Methods: Nine patients undergoing microsurgical VS resection were prospectively enrolled. At the completion of tumor dissection, a bipolar stimulating electrode was applied to the cochlear nerve at the porus acusticus of the IAC to obtain eABR recordings. An eABR response was defined as a repeatable waveform of any amplitude across three trials at the same latency. Patients with an eABR response to stimulation of the cochlear nerve at the IAC porus (“responders”) were compared to those without a response. eABR outcomes were correlated with auditory outcomes collected at cochlear implant activation and longitudinally over a 1-year post-operative period, including patient-reported Cochlear Implant Quality of Life (CIQOL) scores. Mann-Whitney U tests were used to correlate eABR outcomes with continuous measures, while Fisher’s exact tests were used for categorical measures. Point-biserial correlation was used to assess the relationship between CIQOL and eABR scores.

Results: At the time of analysis, 9 participants with complete data were included (mean linear tumor dimension 11.3mm, range 3-20 mm). All patients with IAC eABR responses (3/3) demonstrated sound awareness at CI activation, compared to only half without eABR responses (3/6), however, this relationship did not reach statistical significance (p=0.46). Responders achieved higher open-set CNC scores, including median word recognition score of 43% versus 25% among non-responders (p=0.359), and phoneme recognition of 44% compared with 0% (p=0.107). The first four participants to complete one-year follow-up demonstrated differences in CIQOL-10 global scores, with responders scoring 44 and 38, and non-responders scoring 38 and 35. A strong correlation was observed between the presence of a distal/IAC eABR response and CIQOL-10 scores (point biserial r=0.69), though this did not reach statistical significance (p = 0.35), likely due to the small sample size.

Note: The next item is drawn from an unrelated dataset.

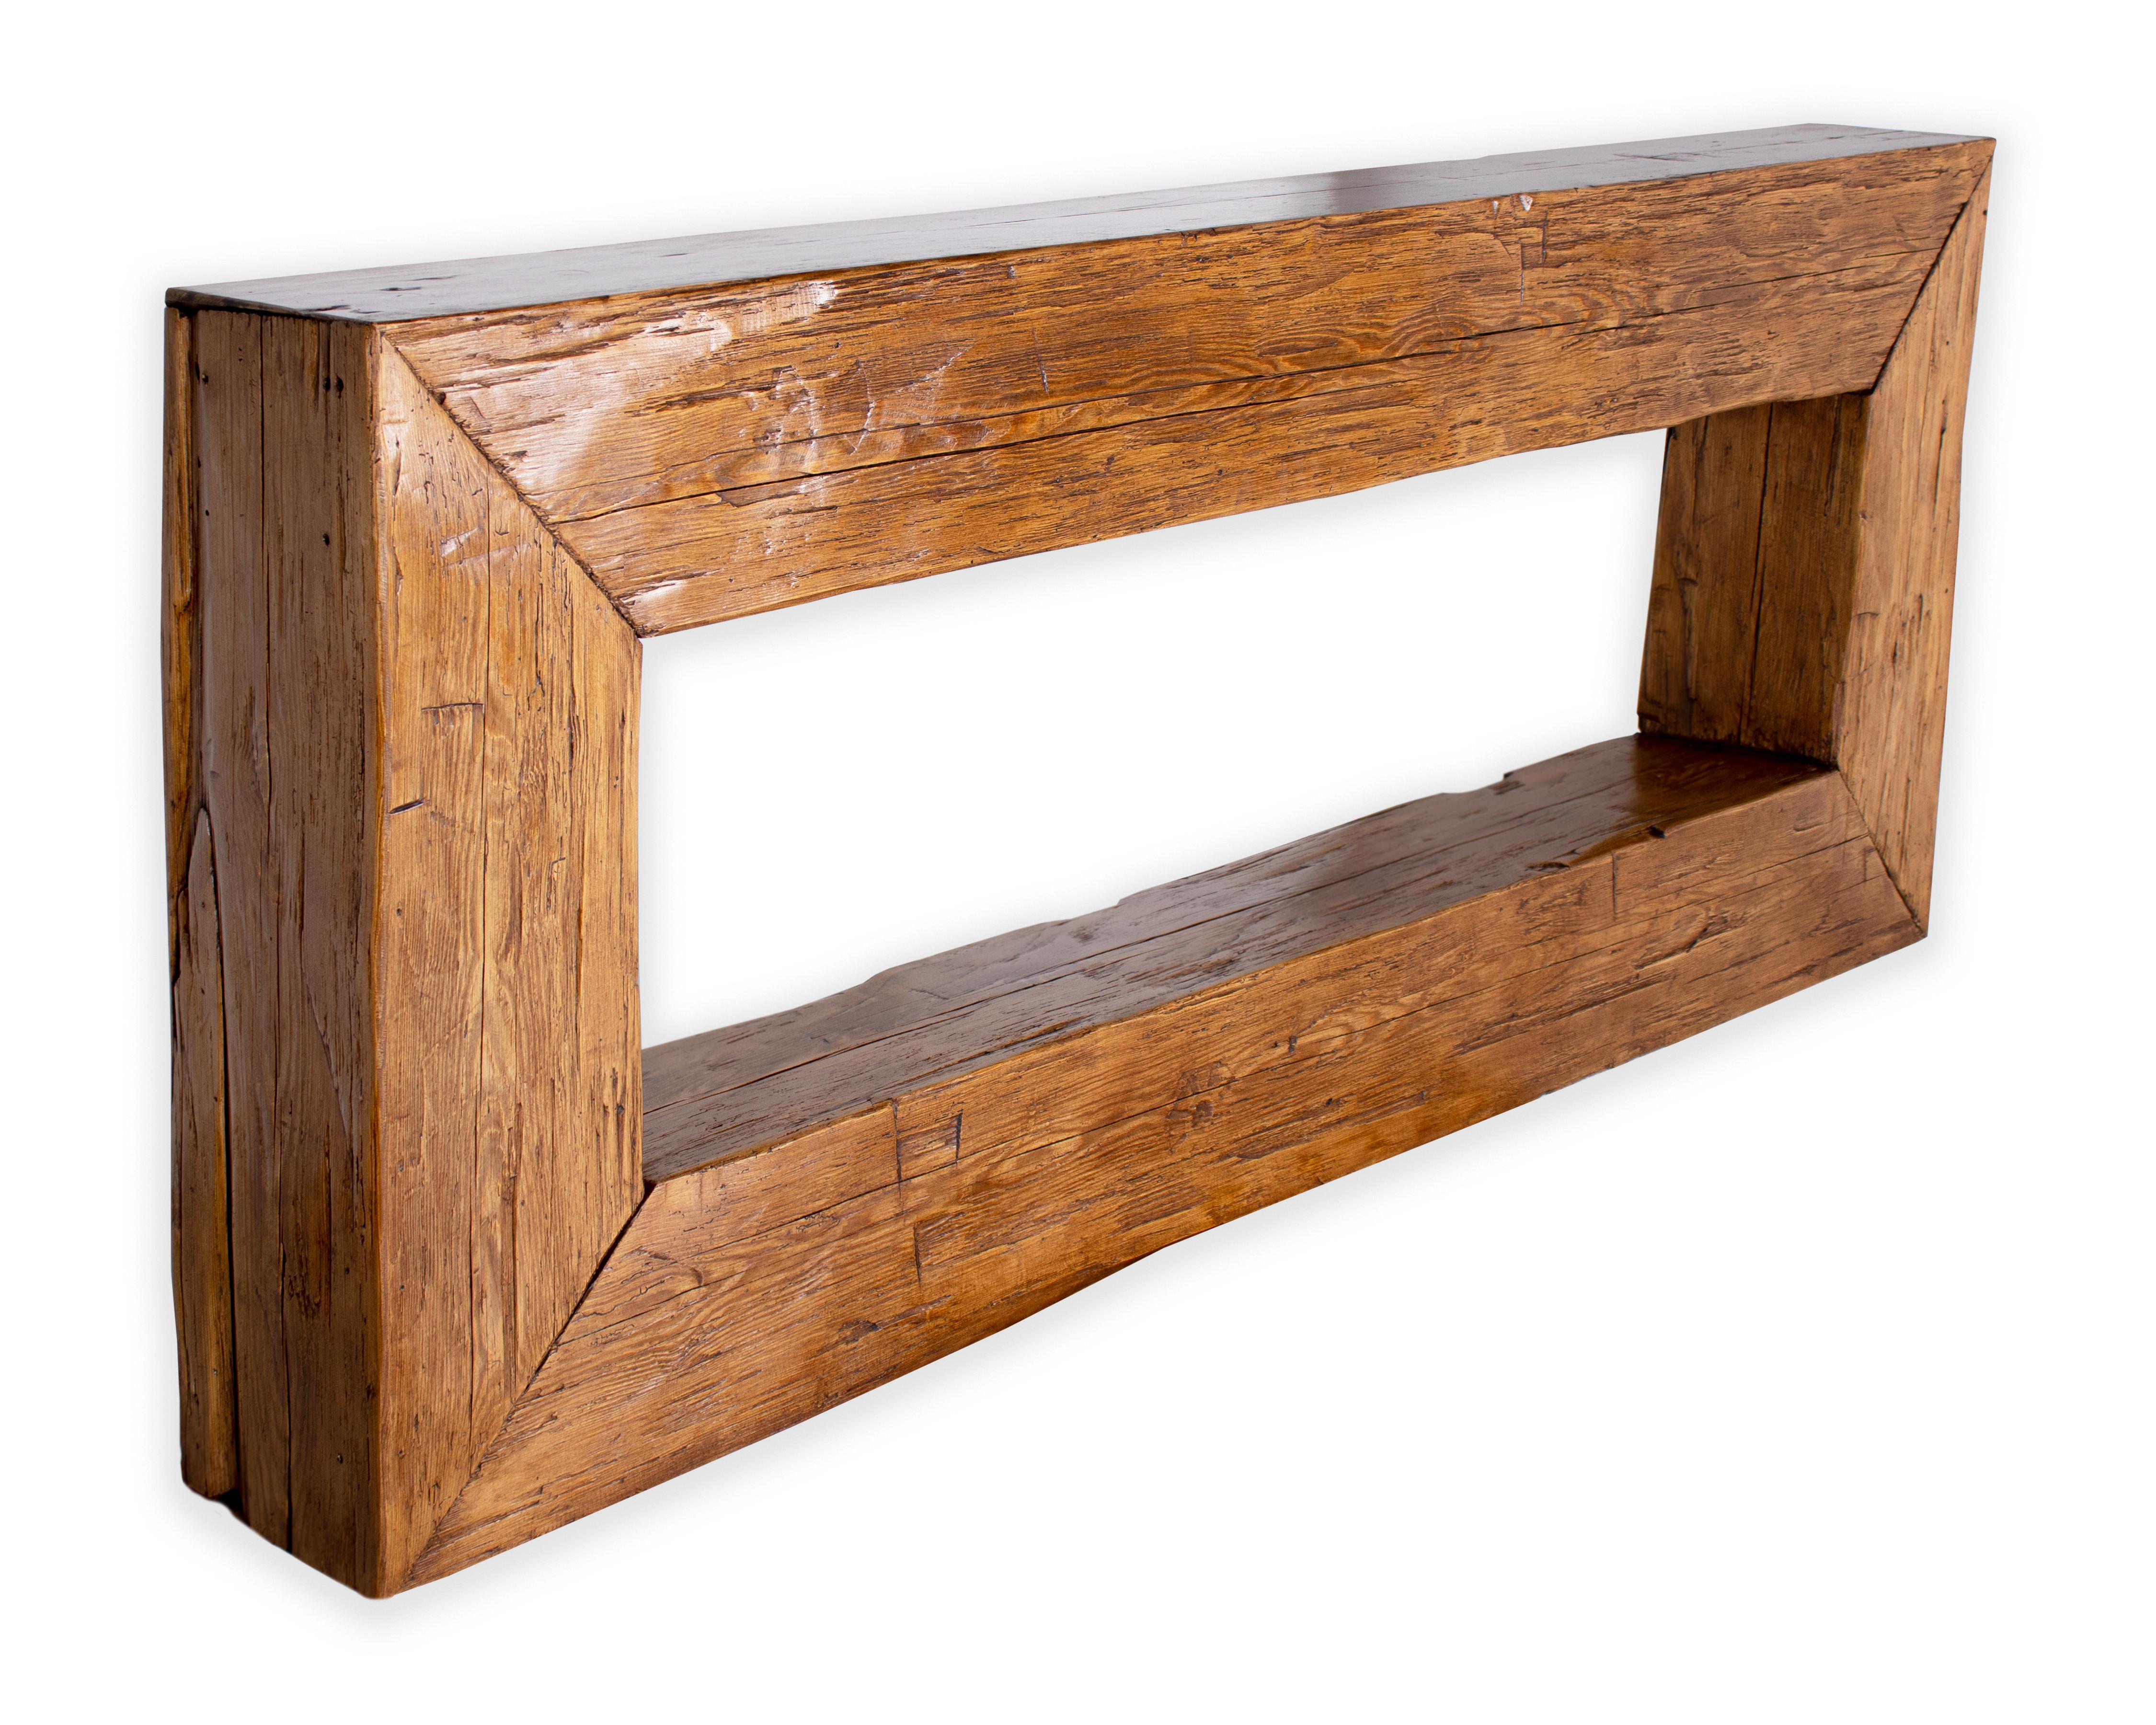 Wood architectural beam console table. Eastern North Carolina wax finish. In my organic, contemporary, vintage and mid-century modern aesthetic.

Part of our one of a kind Le Monde collection. Exclusive to Brendan Bass.

Conclusion: Intraoperative eABR may uniquely allow for timely interrogation of cochlear nerve integrity and serve as a predictive mechanism for auditory outcomes in patients undergoing cochlear implantation concurrent with microsurgical resection for VS. Presence of eABR responses in response to auditory nerve stimulation at the IAC is a promising electrophysiologic marker of postoperative cochlear implant speech perception ability. The addition of one-year CIQOL data provides evidence linking intraoperative electrophysiologic findings to longer-term patient-reported quality-of-life improvements, extending prior preliminary observations.